7 de abril de 2010

Un legendario quizás, quizás dos; pierdes tú y yo gano más y más de mí

Y qué más da si la moneda es tuya o mía, si aquí quien sabe soy yo.

Si vamos por partes, tendría que nombrar a fieles amistades mías, que me acompañan a diario. Y bien, por un lado está lo que me divierte: lo inesperadamente esperado, es divertido no entender el por qué de cada momento, circunstancia, pero me divierte saber que aunque no tenga explicación me siento bien. Luego viene la lujuria incipiente, que me viene de cara y me dice ¿nos vamos a la cama?, allá que voy yo, a la cama con la lujuria echa a medida y de carne y de hueso.

El después, me pierde, son la extrañeza y lo cotidiano lo que me hace poner los pies en el suelo y pensar si ha merecido la pena. A veces la merece, a veces, como ahora, me hace abrir los ojos y pensar que "nadie podrá tener menos maldad que yo mismo".
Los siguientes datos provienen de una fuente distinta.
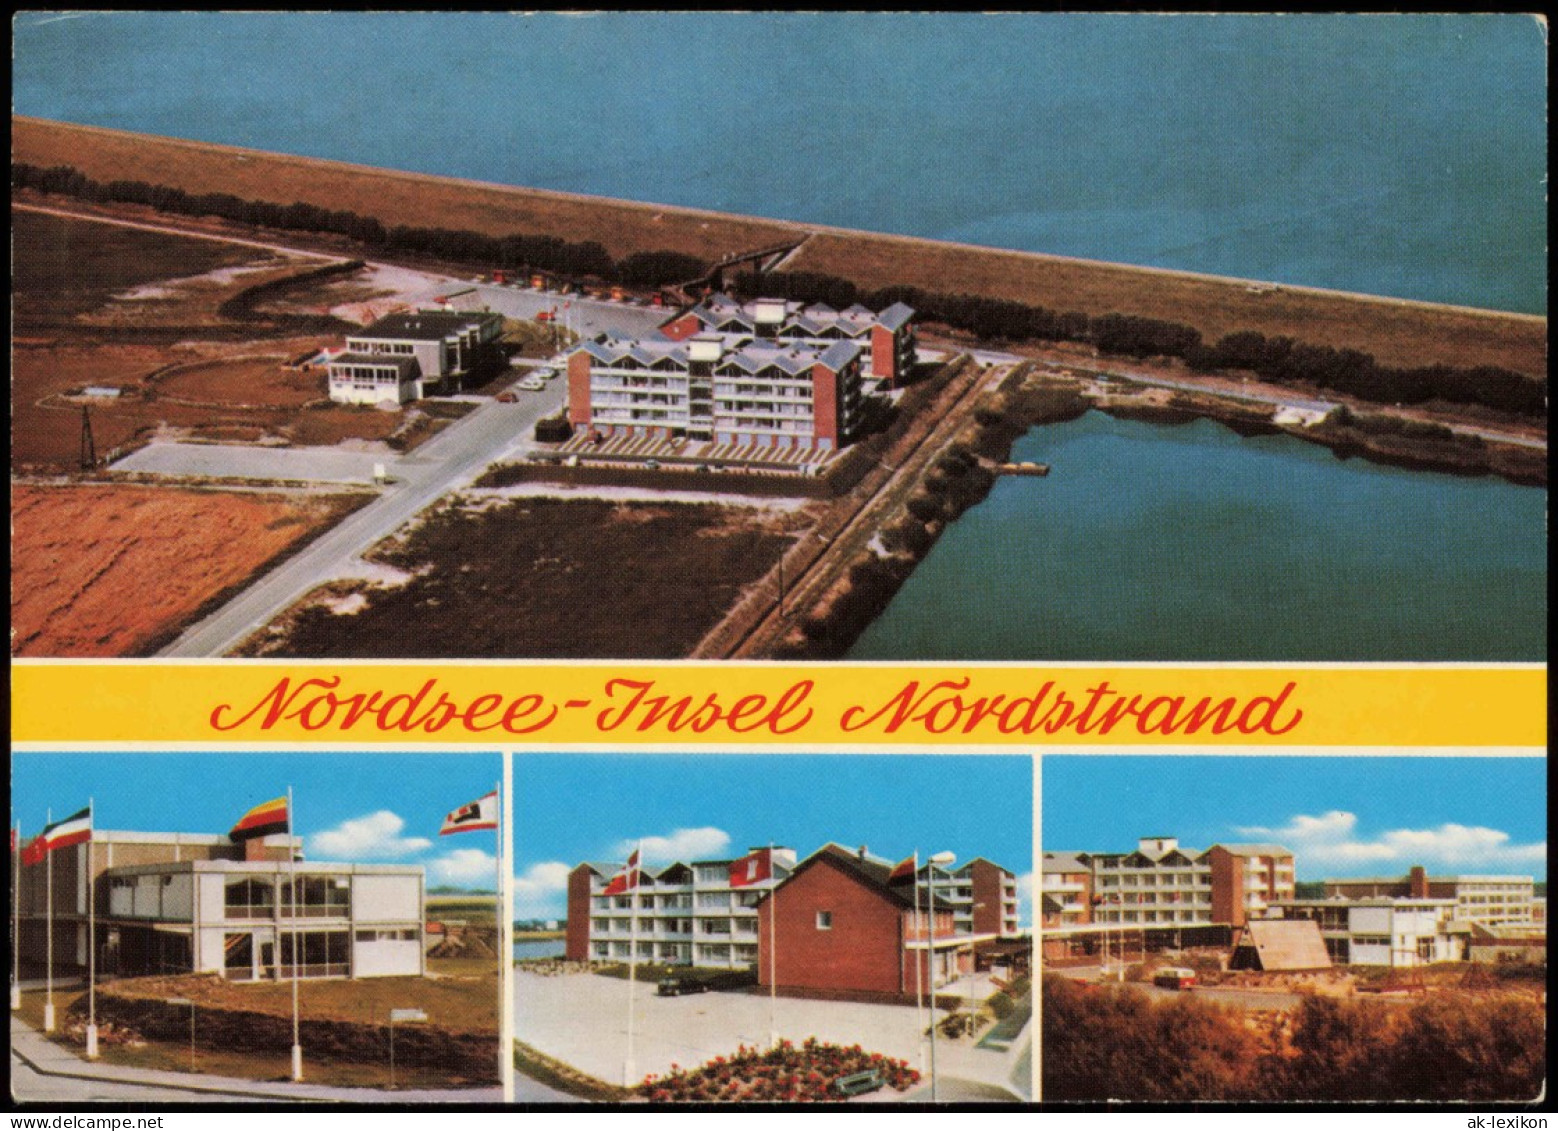 Ansichtskarte Norderney Nordsee-Insel Nordstrand (Mehrbildkarte) 1970 - Norderney

Todo esto es por una nueva cama extraña, en la que dejé un trocito de mí y me lo devuelven tirándomelo en la cara al día siguiente: con lo que yo me entrego cualquiera viviría algunas relaciones largas. Quien fuere lo ganó, y quien sea lo ha perdido: le costará ganarme de nuevo.

Y todo, por una charla de un legendario, que no me gusta. Quizás haya tenido un sueño el martes que viene.